NYC’s Essex House Sells to Strategic Hotels for $362M
By Scott Baltic, Contributing Editor
A joint venture of Strategic Hotels & Resorts, of Chicago, and an affiliate of KSL Capital Partners L.L.C. has closed on its purchase of the iconic Essex House Hotel in Manhattan’s Central Park South, it was announced late Friday. The gross purchase price was reportedly about $362.3 million.
Strategic Hotels owns 51 percent of the JV and serves as the managing member and asset manager. The debt portion of the acquisition was funded by a $190 million first mortgage originated by Bank of America.
The seller was DIG EH Hotel L.L.C., of Dubai, UAE, to whom Mark Edelstein, Jeffrey Temple, Keith Print and James Pincow of Morrison & Foerster provided legal counsel. SNR Denton was counsel to KSL Capital Partners. The hotel, which had been branded under the Jumeirah Group, will be immediately reflagged as a JW Marriott, with Marriott International taking over operations as of today.

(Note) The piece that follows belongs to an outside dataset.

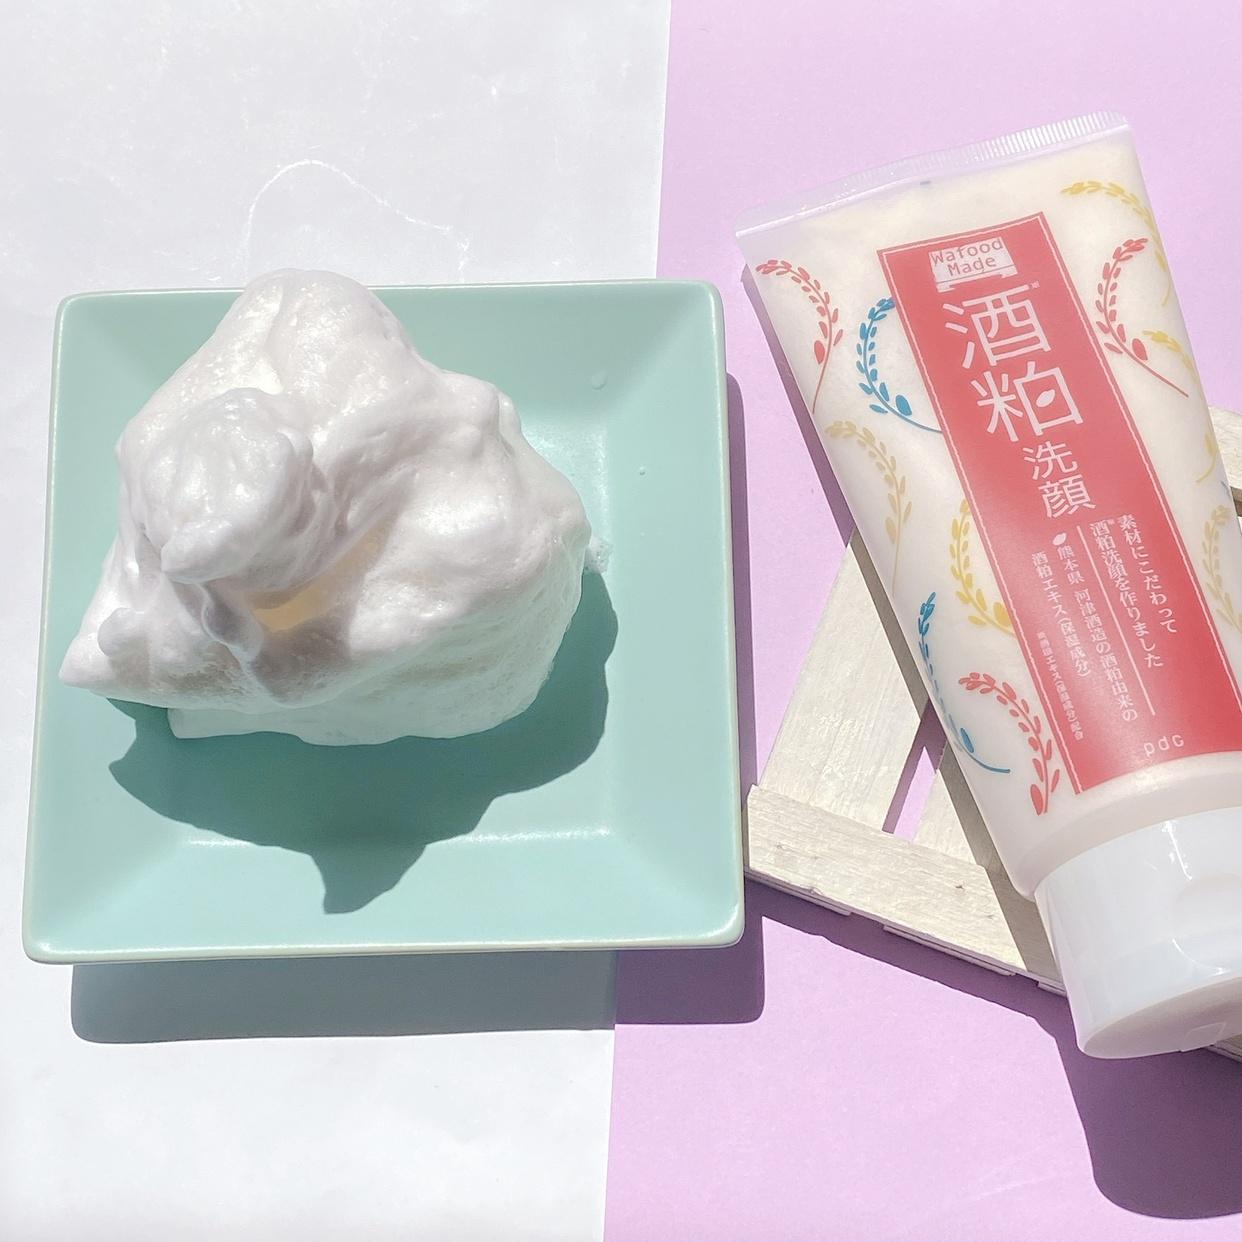 Wafood Made(ワフードメイド) SK洗顔 (酒粕洗顔)に関するエミリーさんの口コミ画像2

Jones Lang LaSalle Hotels, of New York, arranged the sale on behalf of Dubai Group; the team was led by Arthur Adler, managing director and CEO of Jones Lang LaSalle Hotels, Americas; managing director Jeffrey Davis; and senior vice president Gilda Perez-Alvarado.
The firm also secured the acquisition financing on behalf of the Strategic Hotels joint venture. Mathew Comfort, executive vice president of JLL’s Real Estate Investment Banking group, led that team.
The 40-story, 509-room Essex House underwent a $90 million renovation in 2007 and features a full-service spa and fitness center, a fine-dining restaurant, and meeting and event spaces. Work is to begin immediately on $18.3 million in additional improvements; no details regarding the improvements were available at press time.
According to JLL’s Adler, the Essex House attracted strong interest from investors globally because of its Central Park South location, its reputation and the extremely high quality of its guest rooms and public spaces.
“We expect the New York hotel market to be the leading market for investments in the United States,” said Adler, “as evidenced by the year-to-date deal volume, which has reached $1.2 billion. Overall in 2012, acquisition activity is expected to reach $2.4 billion, equaling the second most liquid year on record.”
“The overall New York market experienced a 6.1 percent RevPAR jump through year-to-date July 2012,” he added, “and still ranks as the number-one market in terms of overall RevPAR.”